Begin at the line below that holds "I Made Somebody AU-SOME Mug" and end at the line that holds "نهاية خزينة للاعبي المنتخب الجزائري", transcribing each line exactly and skipping any picture.

* [Supplied records]:
____

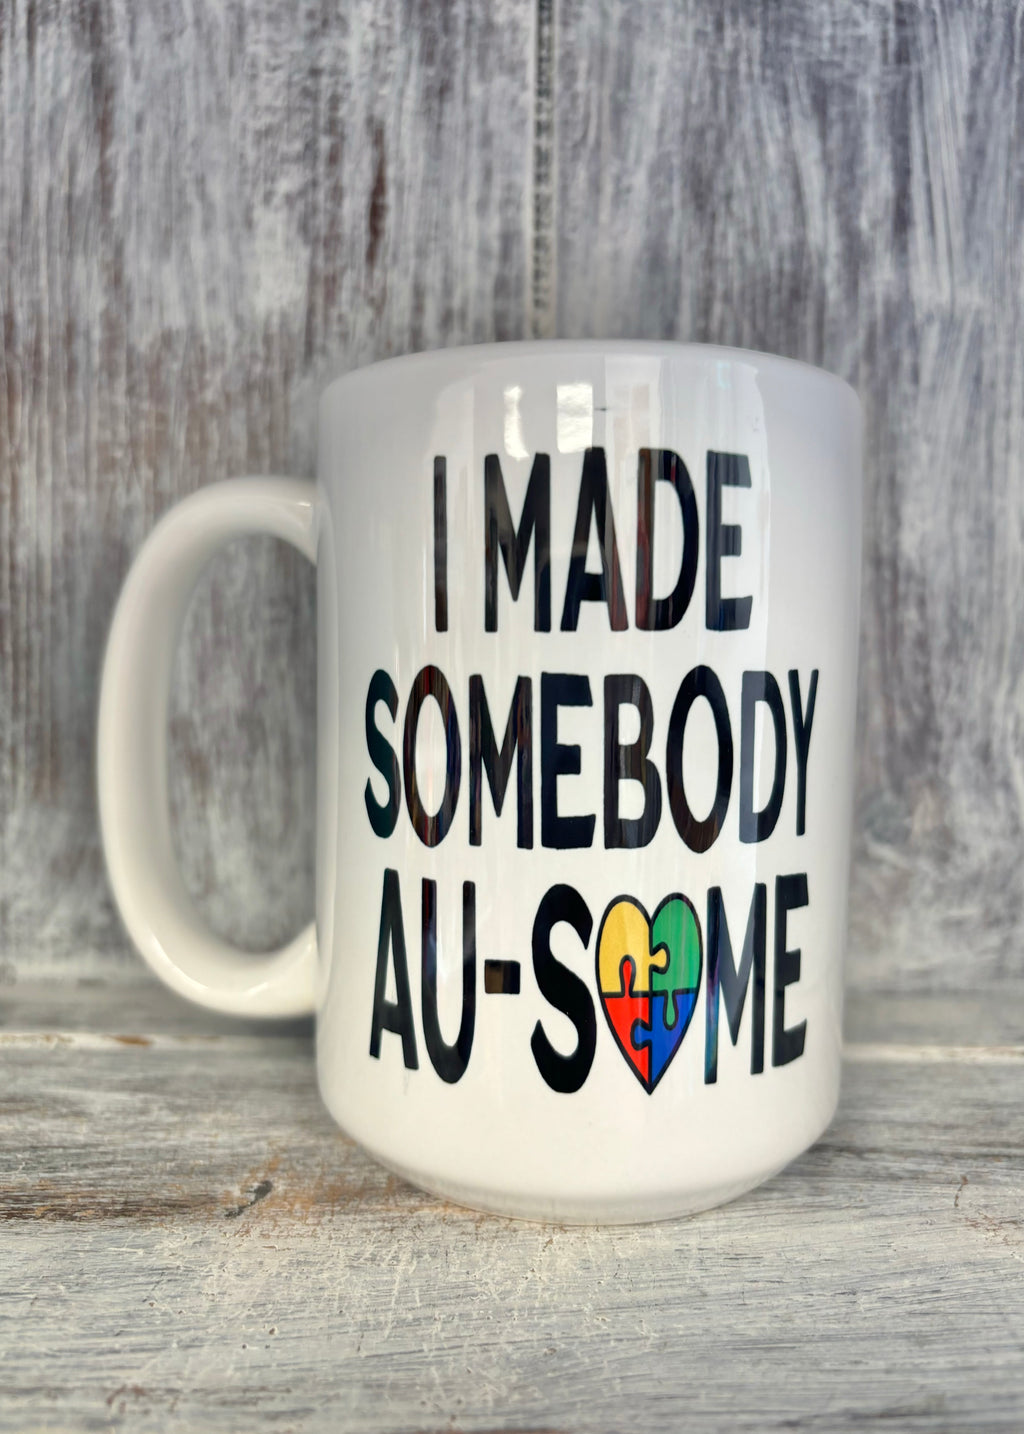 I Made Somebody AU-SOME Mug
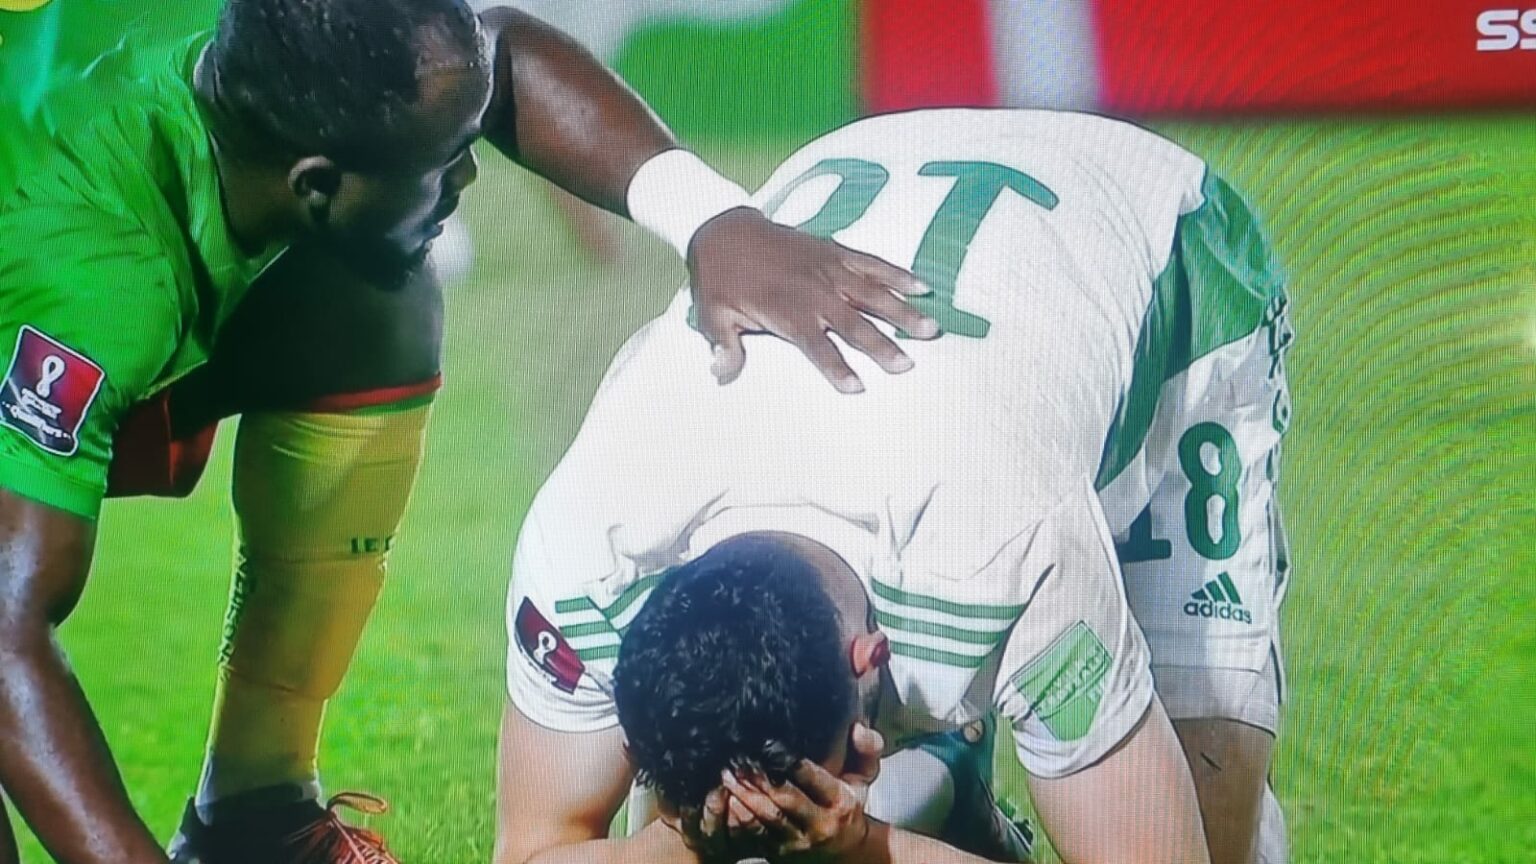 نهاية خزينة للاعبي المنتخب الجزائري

____

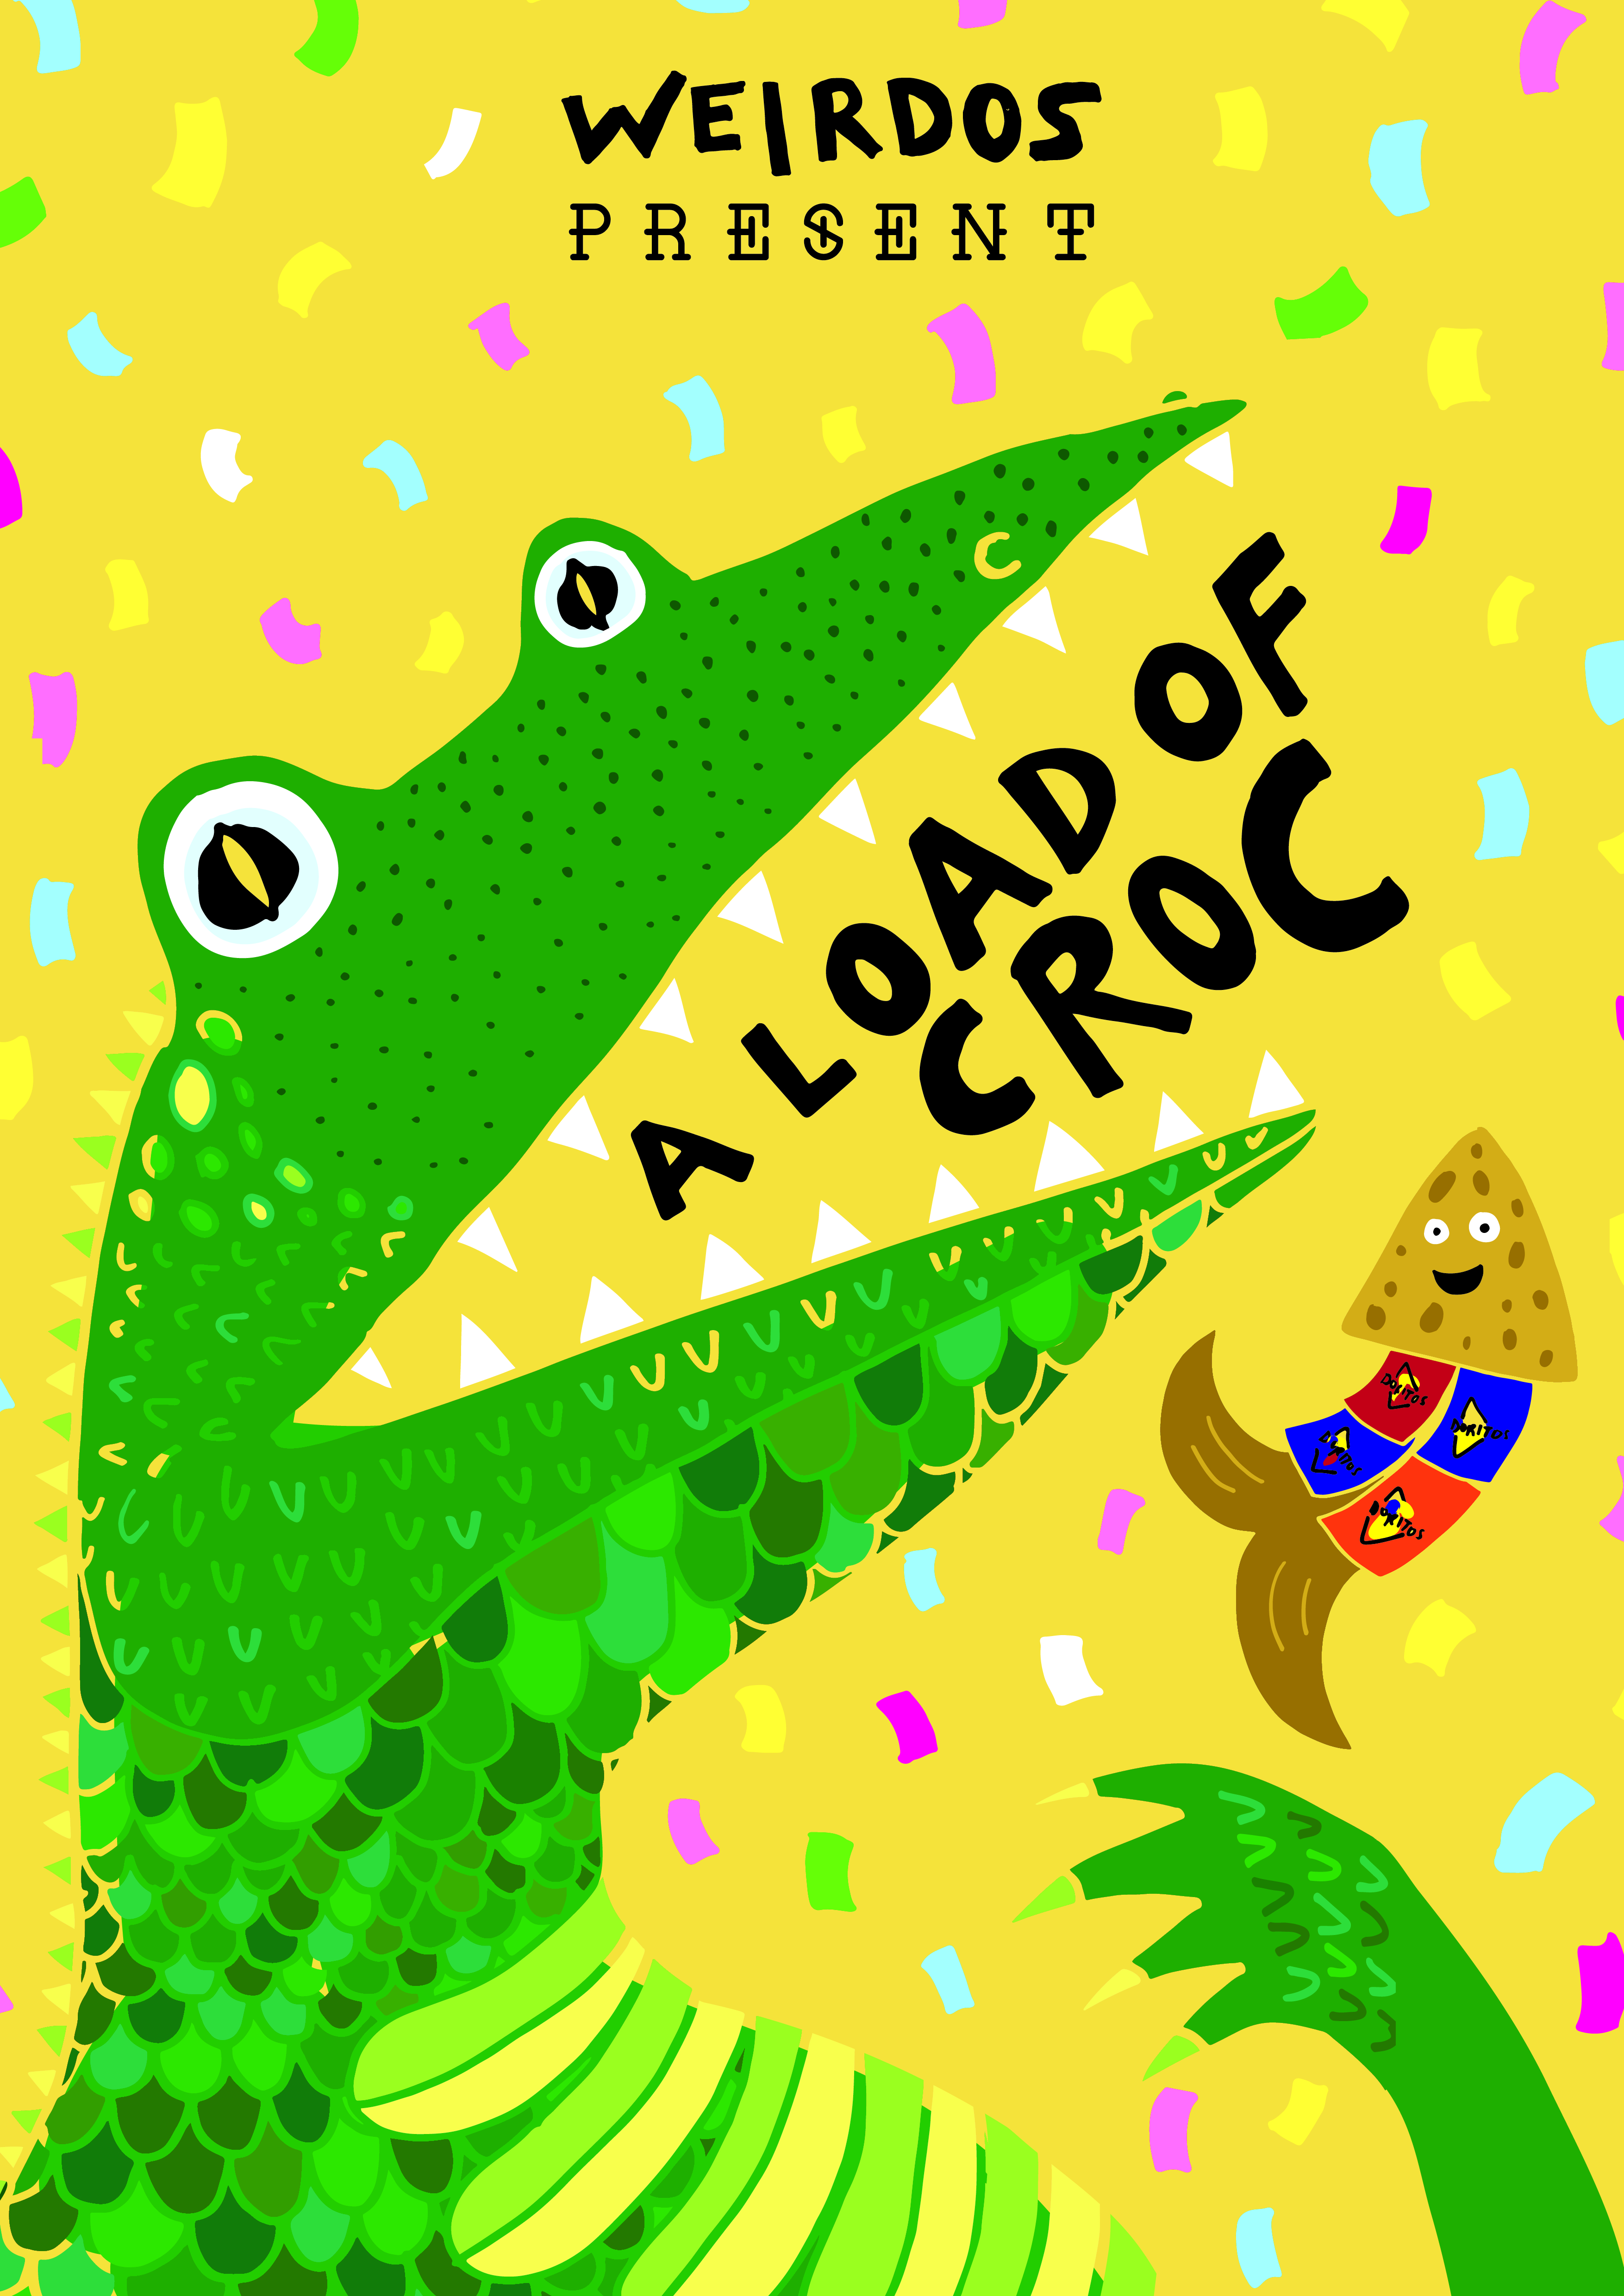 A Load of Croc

____

* [Result of the task]:
 I Made Somebody AU-SOME Mug
 نهاية خزينة للاعبي المنتخب الجزائري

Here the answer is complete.